While such agreements are common across various industries, Teófilo Reyes, chief of staff at the Restaurant Opportunities Centers United, said that "many restaurant workers have been stuck at their job, earning as low as $2.13 per hour, because of the noncompete clause that they agreed to have in their contract."
"They didn't know that it would affect their wages and livelihood," Reyes stressed. "Most workers cannot negotiate their way out of a noncompete clause because noncompetes are buried in the fine print of employment contracts. A full third of noncompete clauses are presented after a worker has accepted a job."
Student Borrower Protection Center (SBPC) executive director Mike Pierce pointed out that the FTC on Tuesday "recognized the harmful role debt plays in the workplace, including the growing use of training repayment agreement provisions, or TRAPs, and took action to outlaw TRAPs and all other employer-driven debt that serve the same functions as noncompete agreements."

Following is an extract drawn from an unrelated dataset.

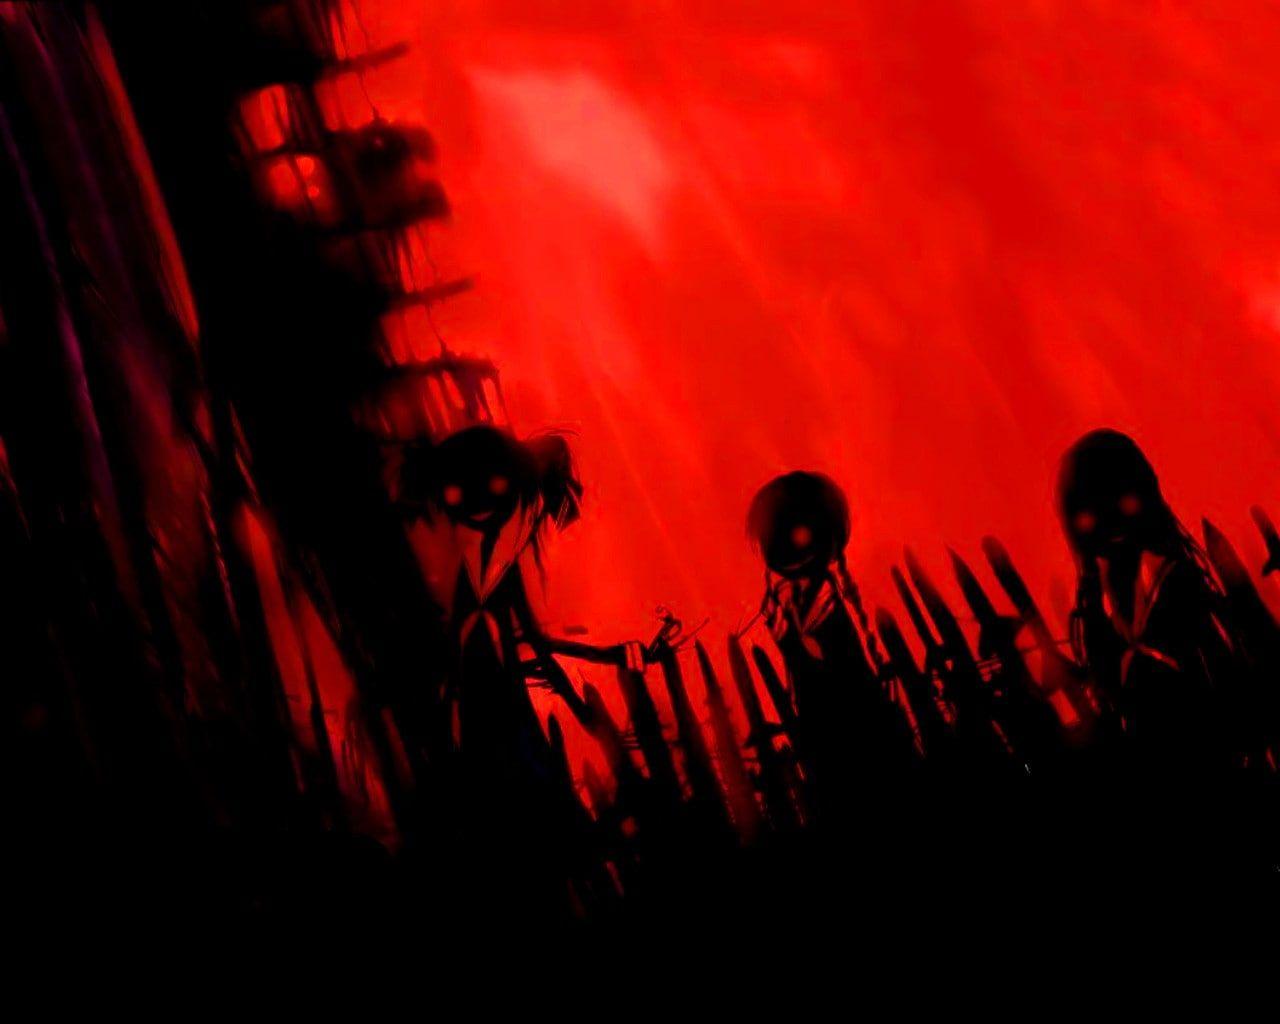 Horror Anime Girls Anime Horror Anime Red Black 720p Wallpaper Hdwallpaper Desktop Anime Cover Photo Anime Background Anime Wallpaper Iphone
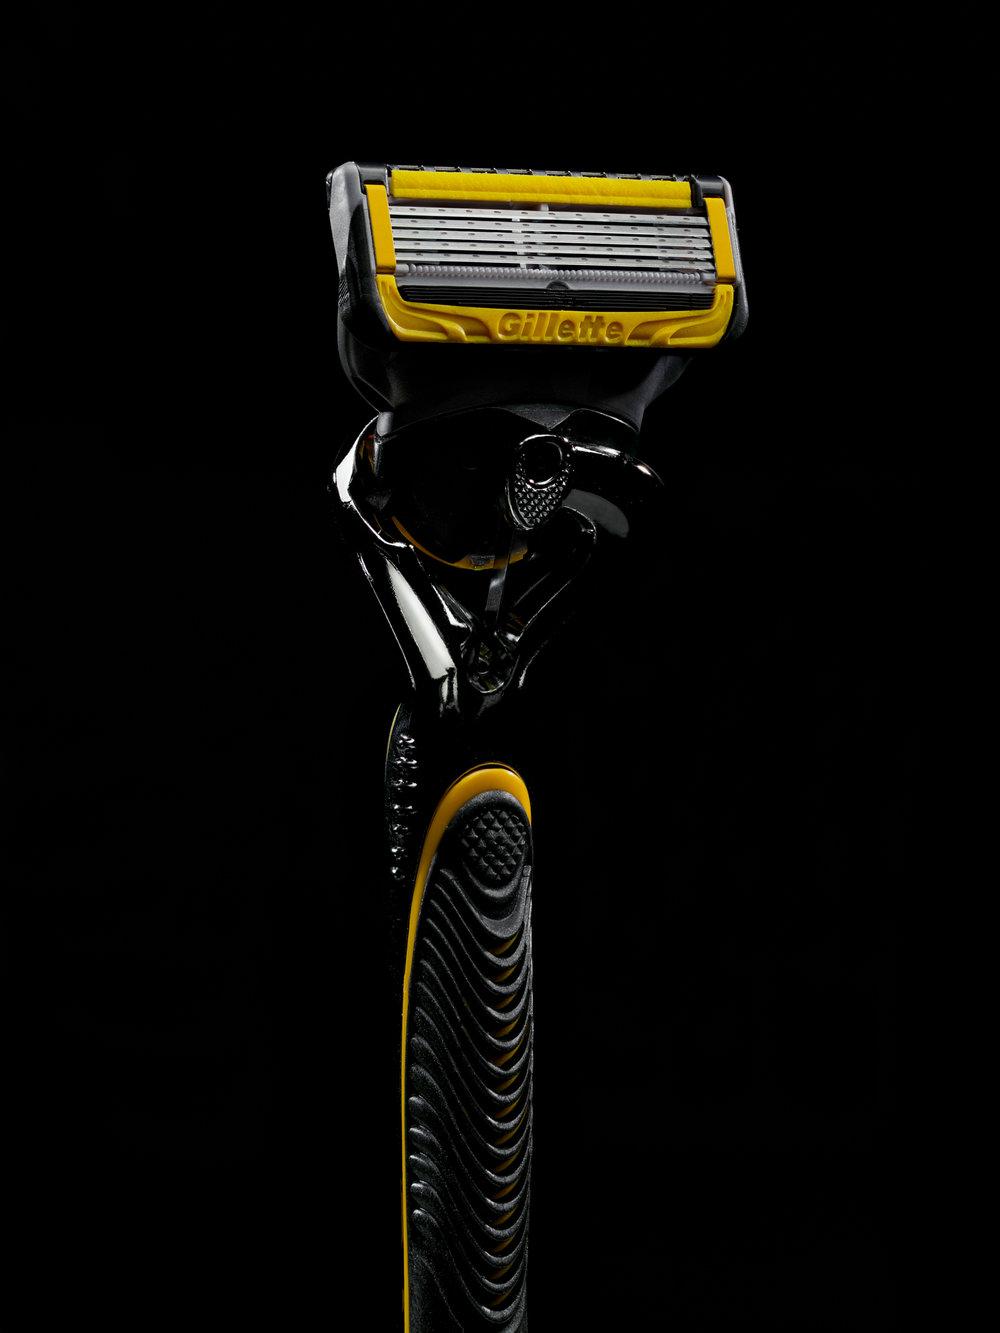 Gillette1.jpg

Sandeep Vaheesan, legal director at Open Markets Institute, highlighted that the addition came after his group, SBPC, and others submitted comments on the "significant gap" in the commission's initial January 2023 proposal, and also welcomed that "the final rule prohibits both conventional noncompete clauses and newfangled versions like TRAPs."
Jonathan Harris, a Loyola Marymount University law professor and SBPC senior fellow, said that "by also banning functional noncompetes, the rule stays one step ahead of employers who use 'stay-or-pay' contracts as workarounds to existing restrictions on traditional noncompetes. The FTC has decided to try to avoid a game of whack-a-mole with employers and their creative attorneys, which worker advocates will applaud."
Among those applauding was Jean Ross, president of National Nurses United, who said that "the new FTC rule will limit the ability of employers to use debt to lock nurses into unsafe jobs and will protect their role as patient advocates."
Angela Huffman, president of Farm Action, also cheered the effort to stop corporations from holding employees "hostage," saying that "this rule is a critical step for protecting our nation's workers and making labor markets fairer and more competitive."